Time travel to the future
While backwards time travel faces huge challenges, time travel to the future is allowed by physics. That’s because it only requires traveling at relativistic speeds or taking advantage of time dilation near a strong gravitational field.
Time dilation from velocity
Einstein’s theory of special relativity showed the passage of time slows down for objects moving near the speed of light. An astronaut traveling at 99% the speed of light for 10 years would return to find much more than 10 years had passed on Earth. In effect, they traveled to the future.
Gravitational time dilation
Gravity also slows the passage of time. Clocks tick slower in strong gravitational fields like near black holes. An astronaut orbiting close to a black hole would also return to an earth much older than they are. Einstein showed gravity and velocity slow time itself, allowing travel to the future.

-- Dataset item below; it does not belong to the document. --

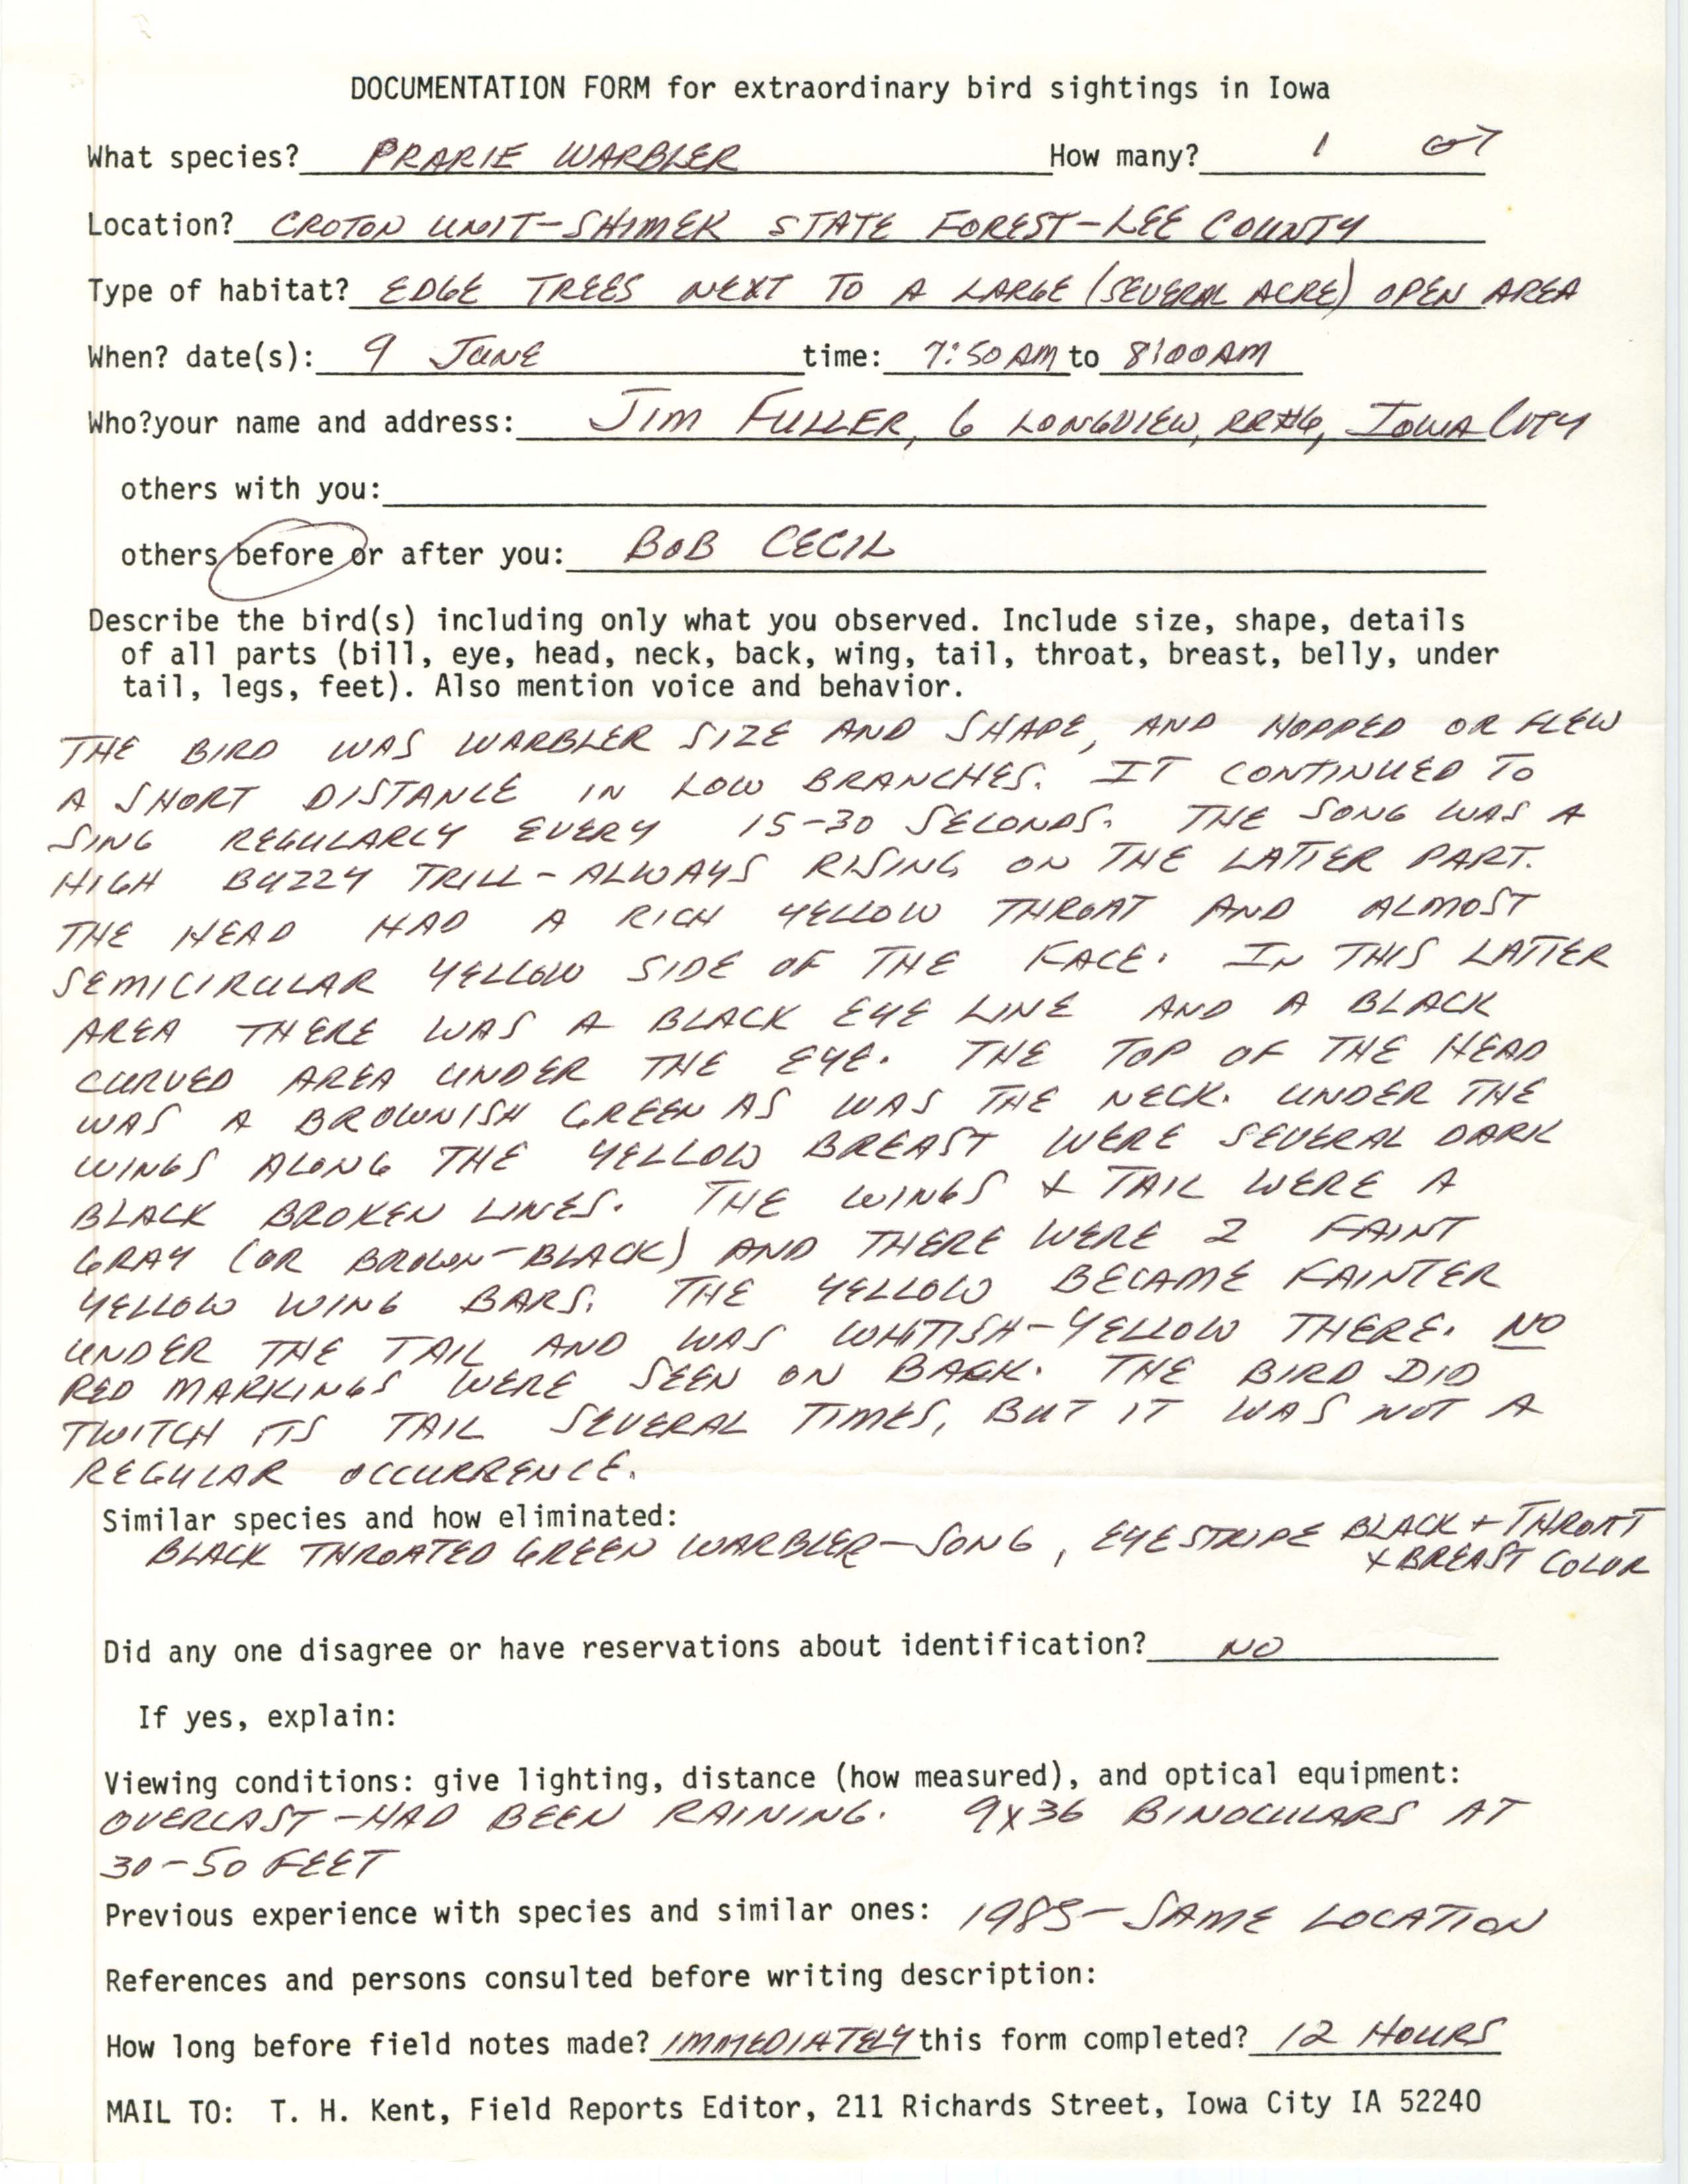 Rare bird documentation form for Prairie Warbler at the Croton Unit in Shimek State Forest, 1986

Requirements for backwards time travel
While travelling to the past appears implausible, physicists have speculated about requirements for backwards time travel to be possible:
Traversable wormholes
Wormholes are shortcuts through space-time allowed by Einstein’s general relativity. But they likely exist at quantum scales and getting one large and stable enough for human travel poses immense challenges.
Alcubierre drive
This speculative propulsion concept contracts space-time in front of a ship while expanding it behind. Effectively this moves the ship in a warp bubble. But immense amounts of exotic matter are likely needed.
Cosmic strings
These are hypothetical 1-dimensional topological defects in space-time. Cosmic string loops might allow for closed timelike curves permitting backwards time travel. But the loops may collapse too rapidly.
Time machines
Rotating black holes and infinitely long rotating cylinders have been theorized as potential time machines. But engineering megastructures on this scale is an immense challenge, if possible at all.
Overall, the likelihood of manipulating space-time to travel to the past looks overwhelmingly difficult, if not impossible.
Can quantum mechanics allow time travel?
Some have proposed time travel may be possible in the quantum realm. Two examples are:
Quantum teleportation
This involves transmitting quantum information such as the exact state of a particle. However, this does not allow faster-than-light communication or travel. Measurements still cannot occur faster than the speed of light.
Quantum retrocausality
Some interpretations of quantum mechanics allow influences from the future to affect the past at a quantum particle level. But this does not violate causality or allow macroscopic objects to travel through time.
So unfortunately, quantum mechanics appears to offer no shortcuts for backwards time travel.
Simulation hypothesis
Some propose our universe may be a sophisticated computer simulation. If so, perhaps the programmers could allow time travel capabilities. However, there is no direct evidence our reality is a simulation. It’s a philosophical proposition that cannot be tested. So the simulation hypothesis does not strongly imply actualized time travel abilities.
Conclusion
With our current understanding of physics, going back in time appears extremely implausible. The thermodynamic and cosmic arrows of time, quantum dynamics, causality, and lack of empirical evidence all suggest time has an inevitable forward direction. While we can travel to the future under relativity, the past remains out of reach. Time machines or teleportation back in time will likely remain fiction. The alluring idea of revisiting history or undoing regrets continues to fascinate humanity. But actually making it a reality faces immense challenges across physics.